ABOUT THIS EXERCISE: Copy out the whole listing exactly as written, leaving the pictures behind.

DATASET EXCERPT:
┄┄┄┄┄┄┄┄┄┄┄┄┄┄┄┄┄┄┄┄

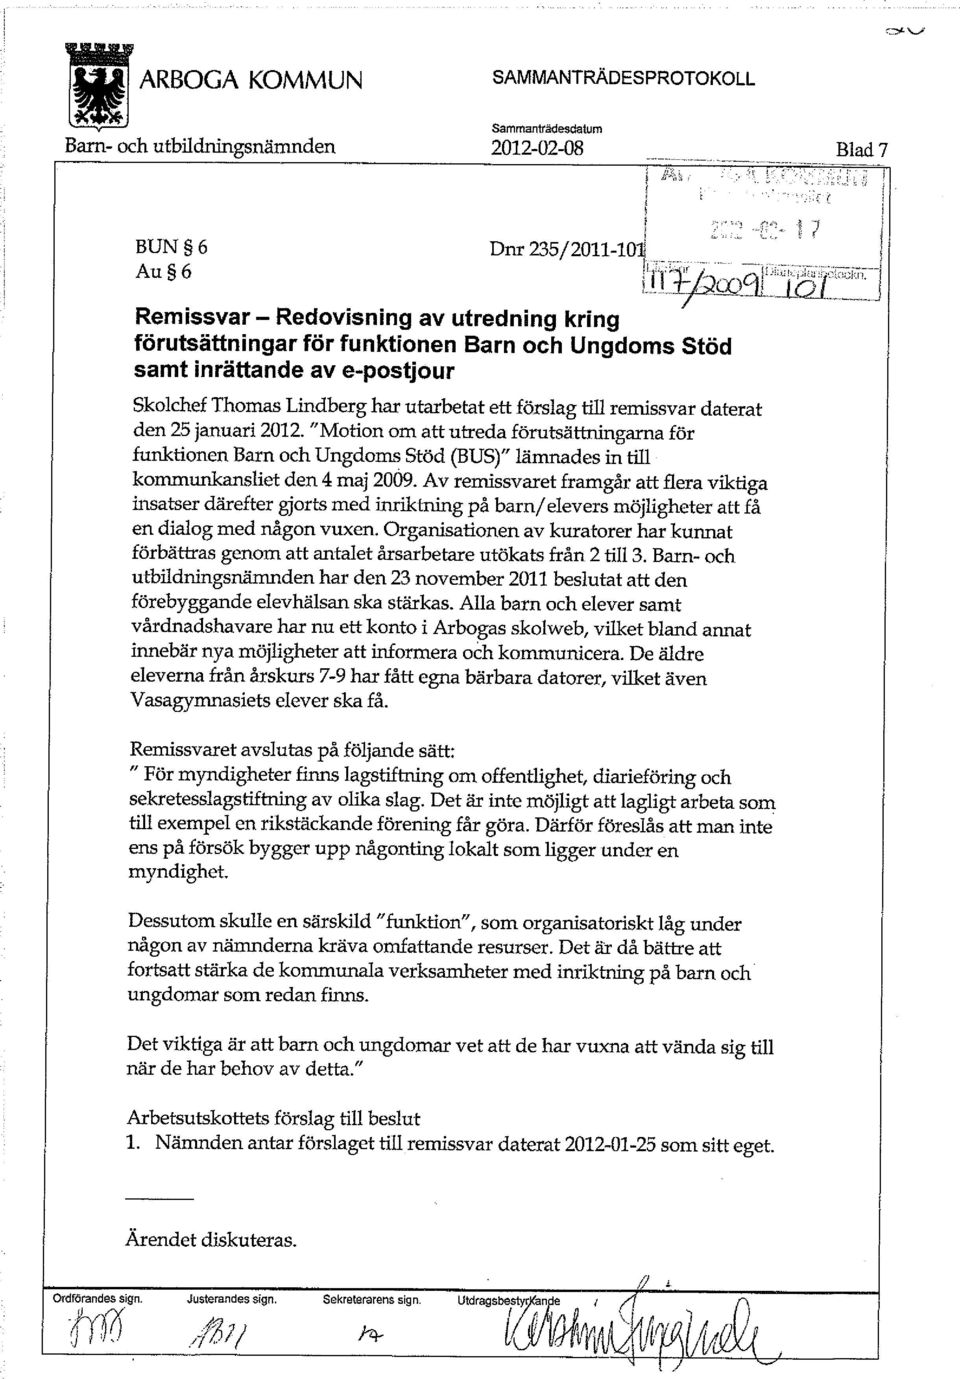 "Motion om att utreda förutsättningarna för funktionen Barn och Ungdoms Stöd (BUS)" lämnades in till kommunkansliet den 4 maj 2009.
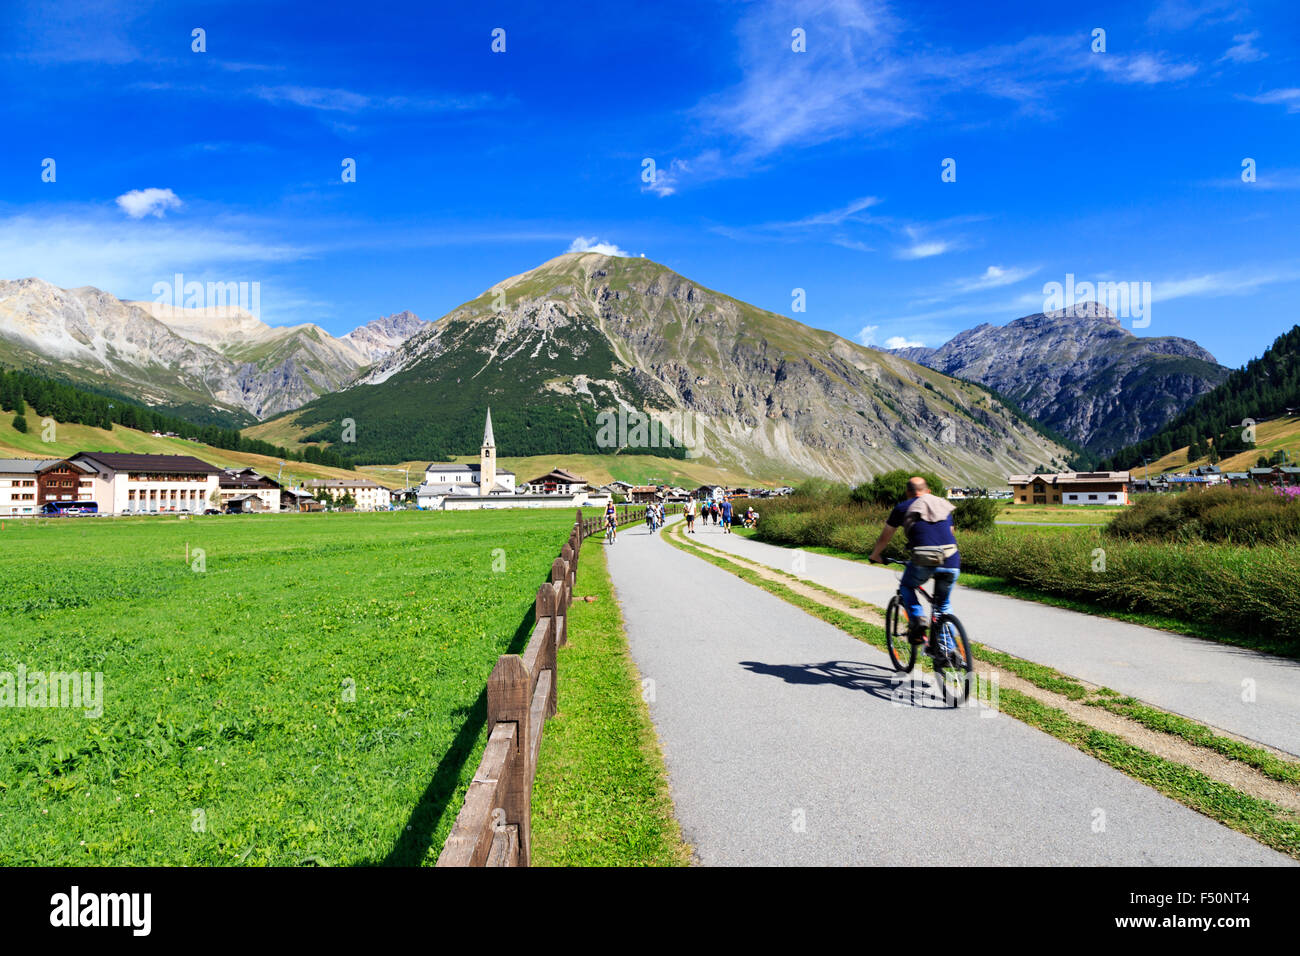 Mann Radfahren entlang einer Straße durch einen grünen Tal in Livigno, Italien in Richtung einer weit entfernten Stadt am Fuße der majestätischen Alpen Erbse Stockfoto
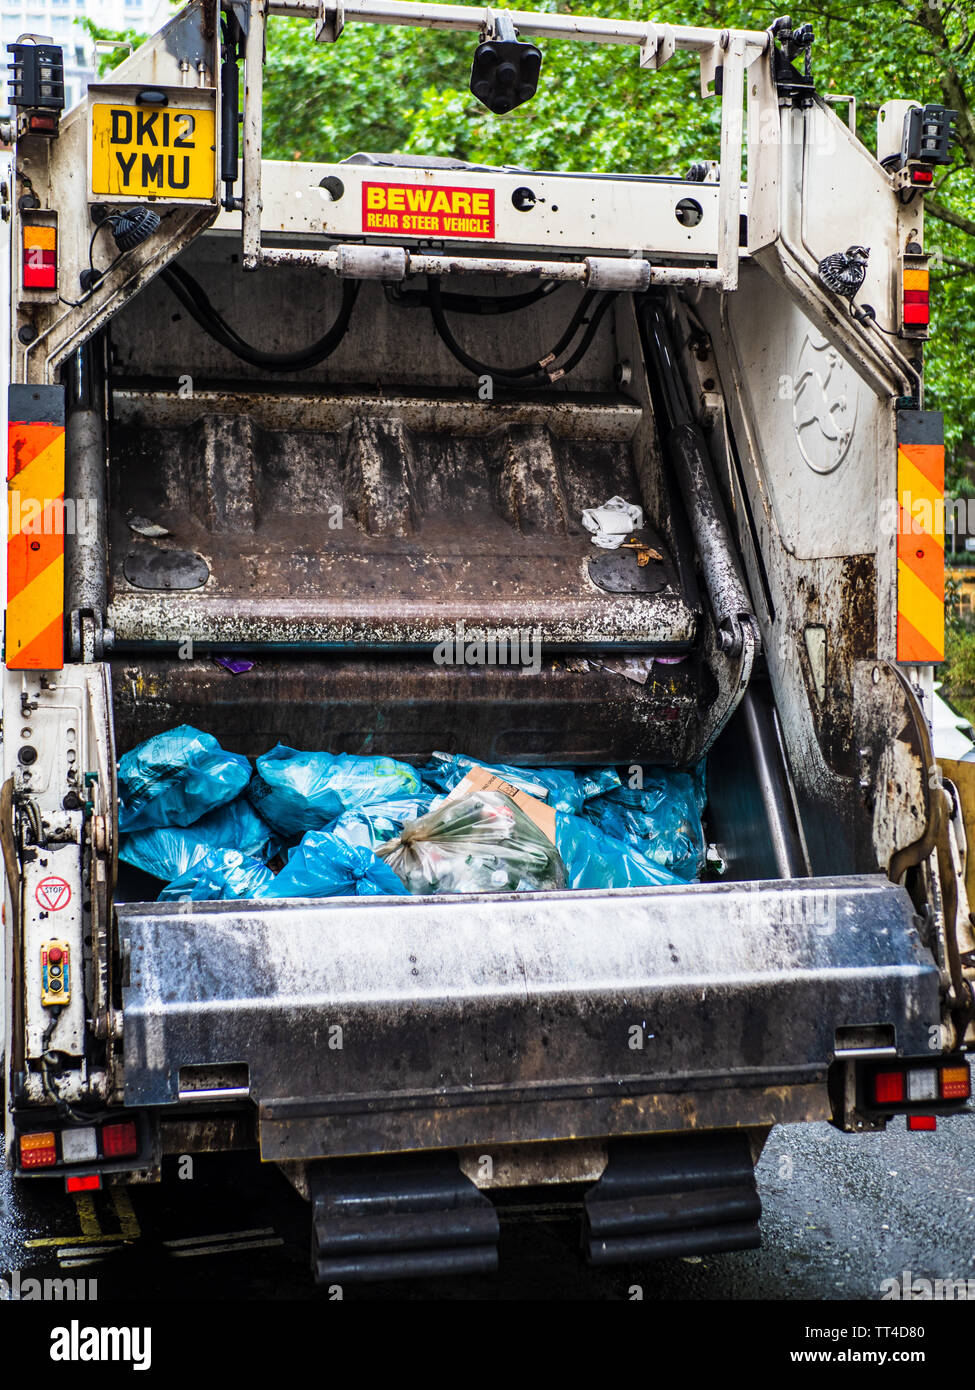 Camiones de recolección de basura o Bin Camión Londres - Londres camión de basura recogida de residuos en el centro de Londres. Rechazar el saco Colección. Bandeja de recogida de la bolsa. Foto de stock
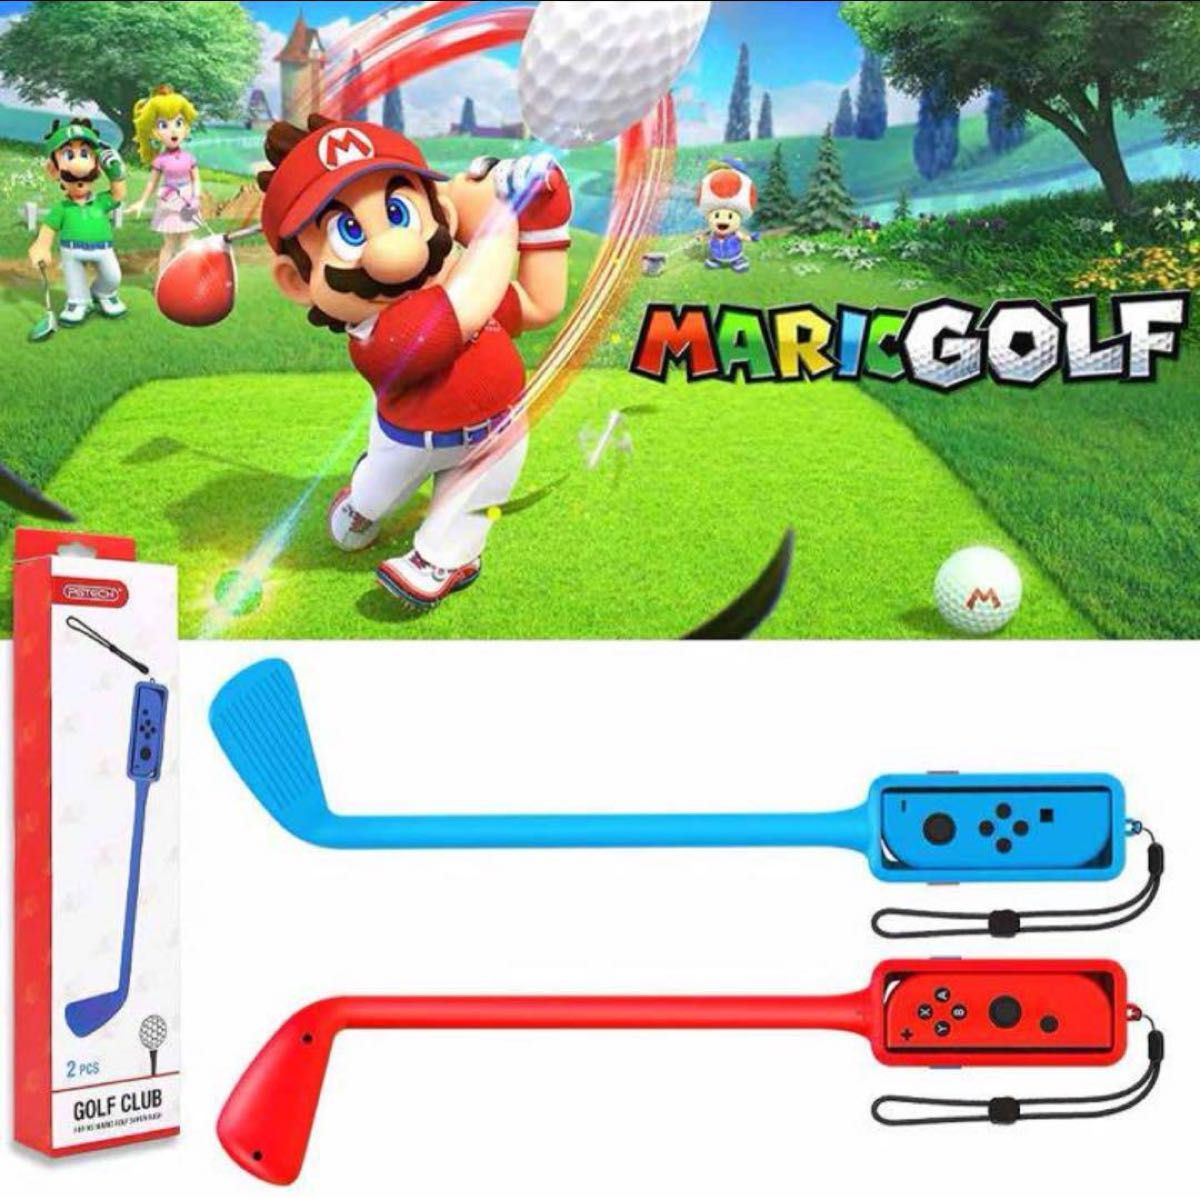 マリオゴルフクラブ 任天堂スイッチ用 マリオゴルフスーパーラッシュゴルフクラブ Nintendo Switch

┄┄┄┄┄┄┄┄┄┄┄┄┄┄┄┄┄┄┄┄

RESULT OF THIS TASK:
 "Motion om att utreda förutsättningarna för funktionen Barn och Ungdoms Stöd (BUS)" lämnades in till kommunkansliet den 4 maj 2009.
 Mann Radfahren entlang einer Straße durch einen grünen Tal in Livigno, Italien in Richtung einer weit entfernten Stadt am Fuße der majestätischen Alpen Erbse Stockfoto
 Camiones de recolección de basura o Bin Camión Londres - Londres camión de basura recogida de residuos en el centro de Londres. Rechazar el saco Colección. Bandeja de recogida de la bolsa. Foto de stock
 マリオゴルフクラブ 任天堂スイッチ用 マリオゴルフスーパーラッシュゴルフクラブ Nintendo Switch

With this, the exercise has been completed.